§ **Given information**:
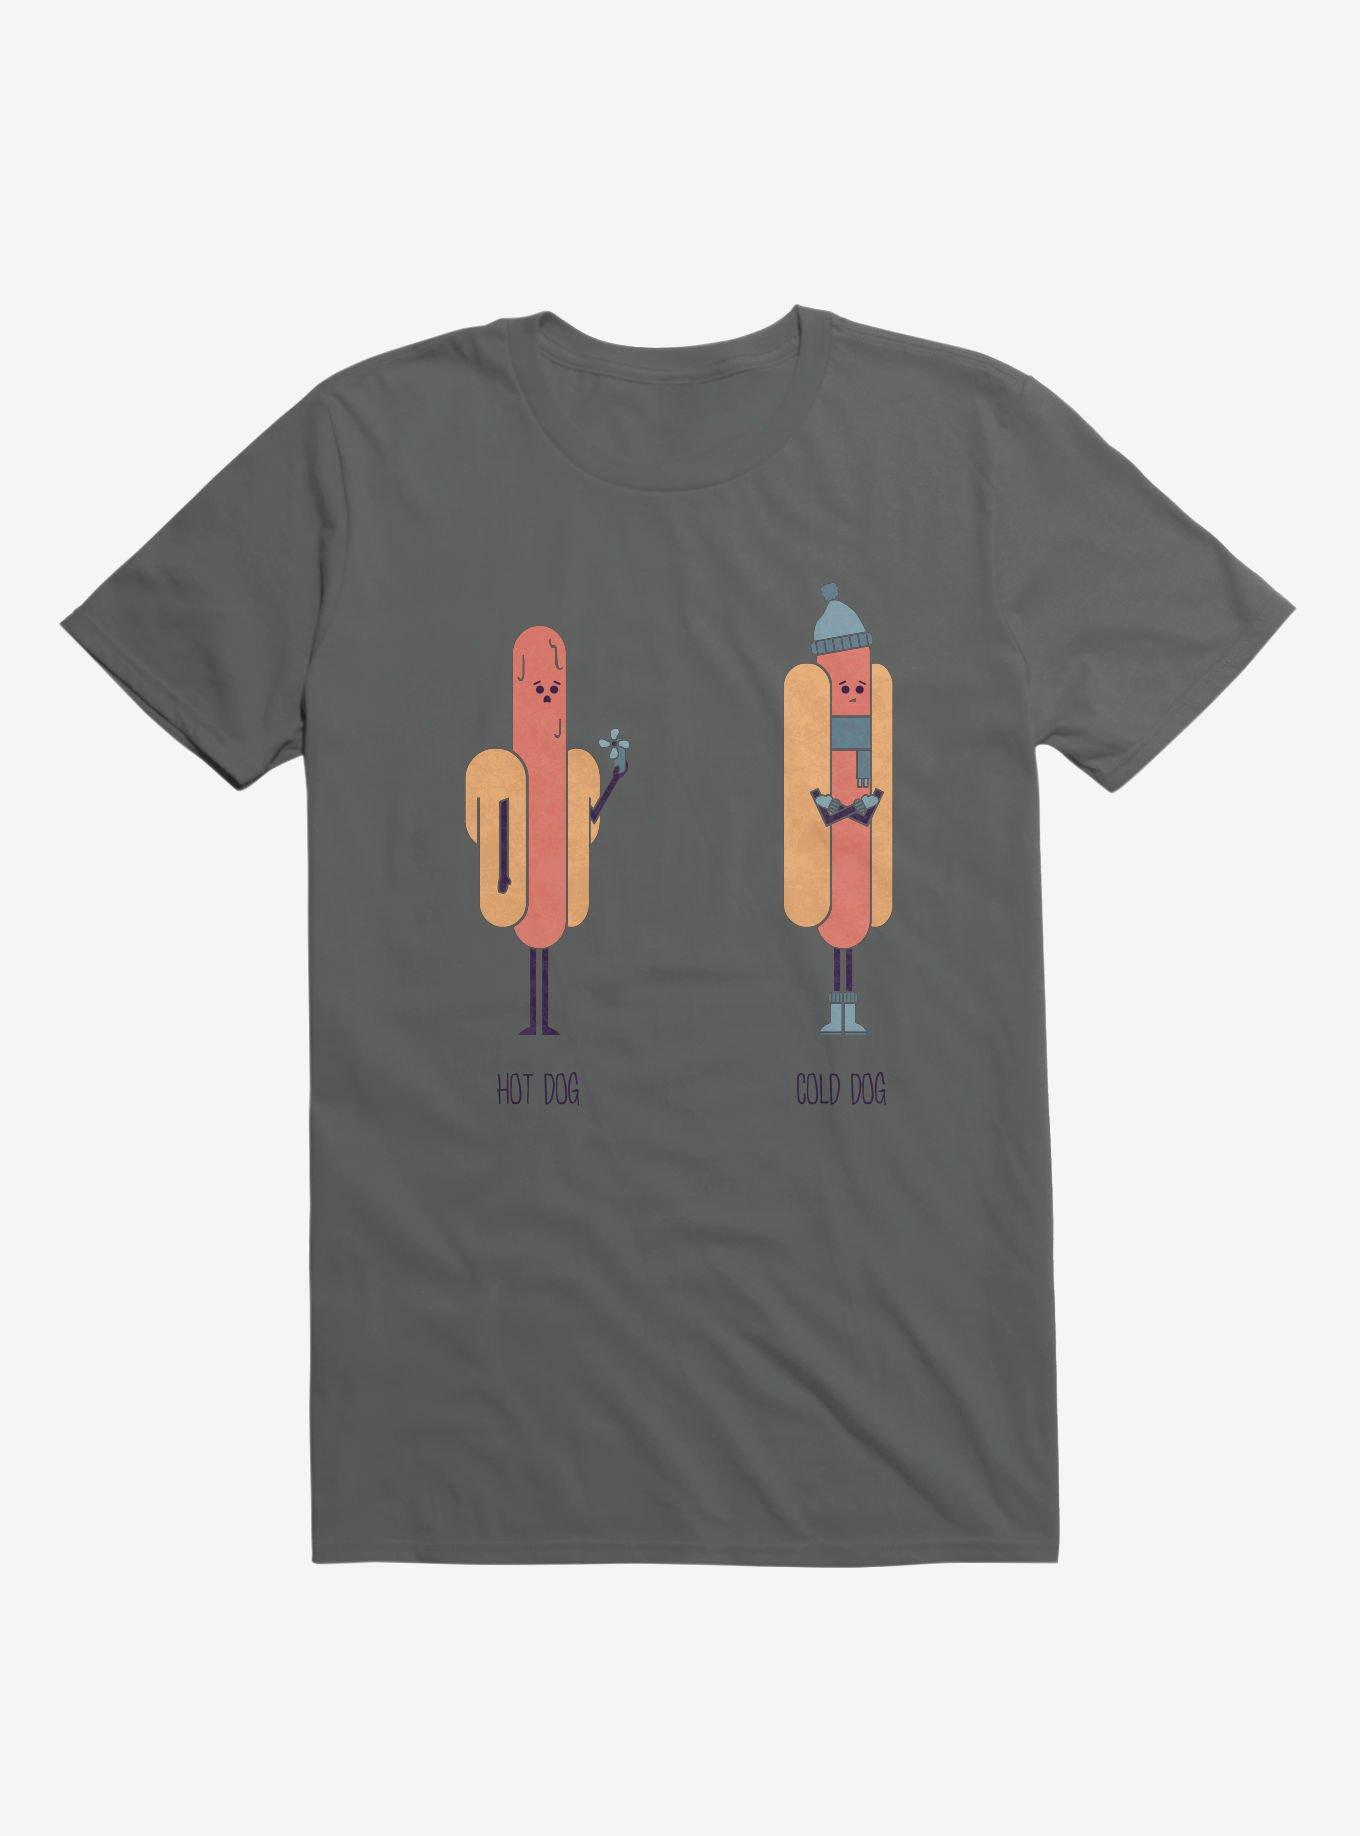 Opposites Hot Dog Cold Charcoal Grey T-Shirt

---

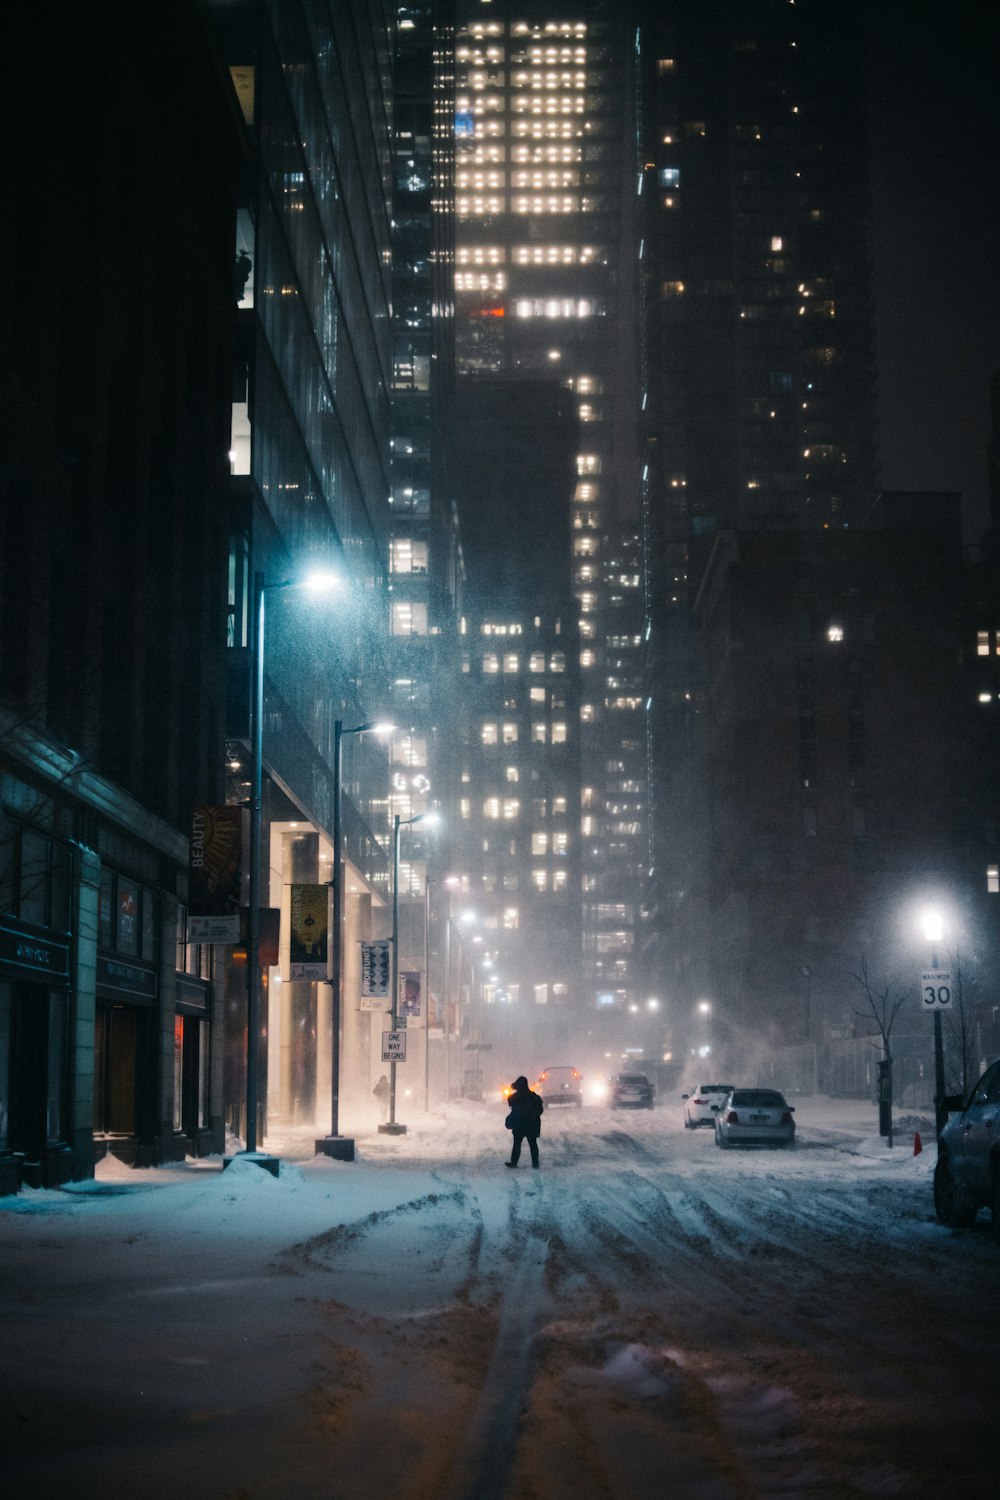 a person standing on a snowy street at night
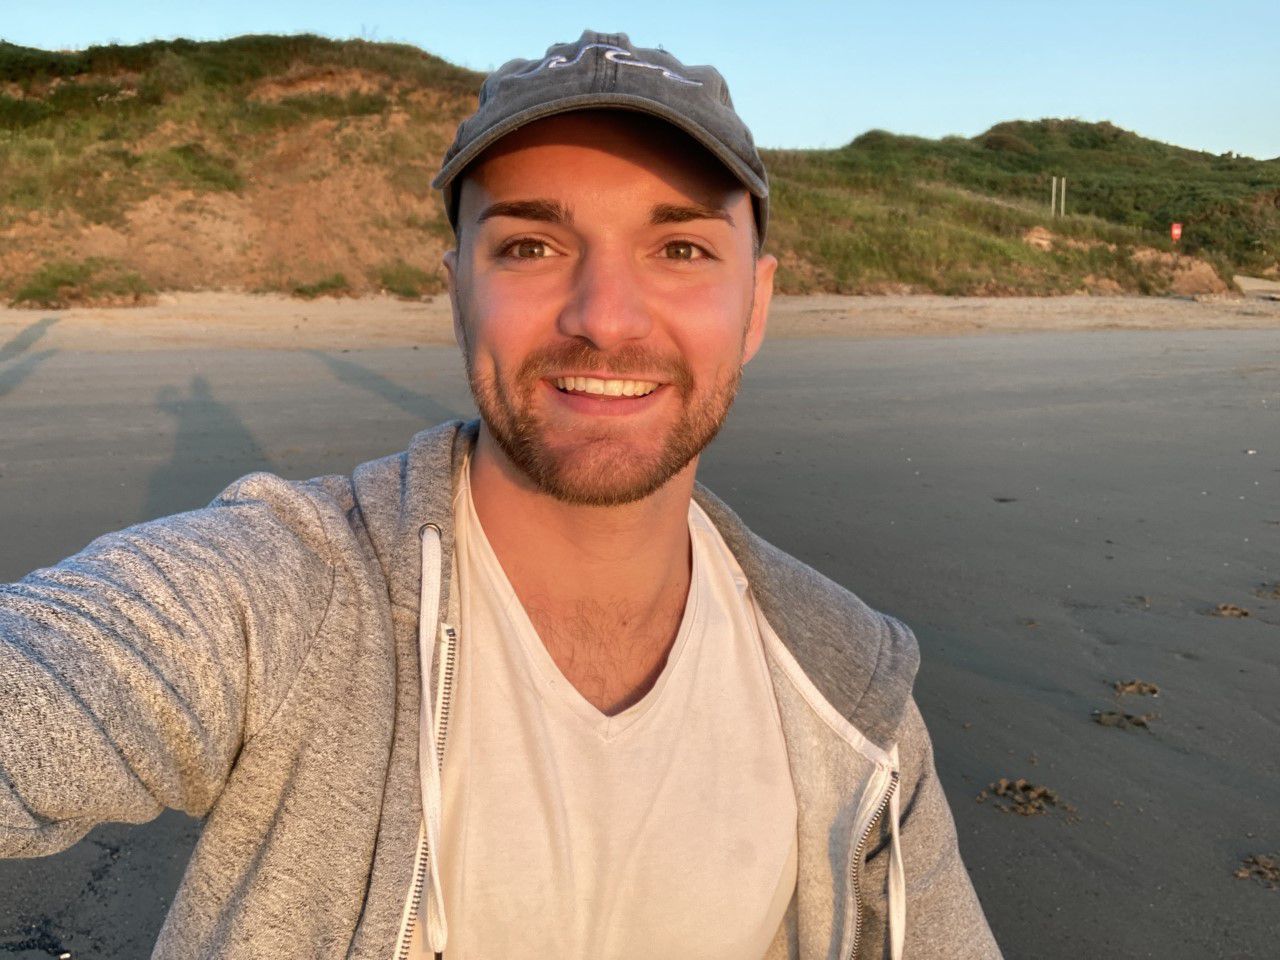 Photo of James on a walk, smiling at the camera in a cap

--

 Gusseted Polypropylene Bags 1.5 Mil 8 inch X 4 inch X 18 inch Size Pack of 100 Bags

§ **Task to carry out**:
Within the listing above, print exactly the stretch beginning at the line that contains "a person standing on a snowy street at night" and finishing at the line that contains "Photo of James", ends kept, pictures left out, and nothing more.

§ **Answer to this problem**:
 a person standing on a snowy street at night
 Photo of James on a walk, smiling at the camera in a cap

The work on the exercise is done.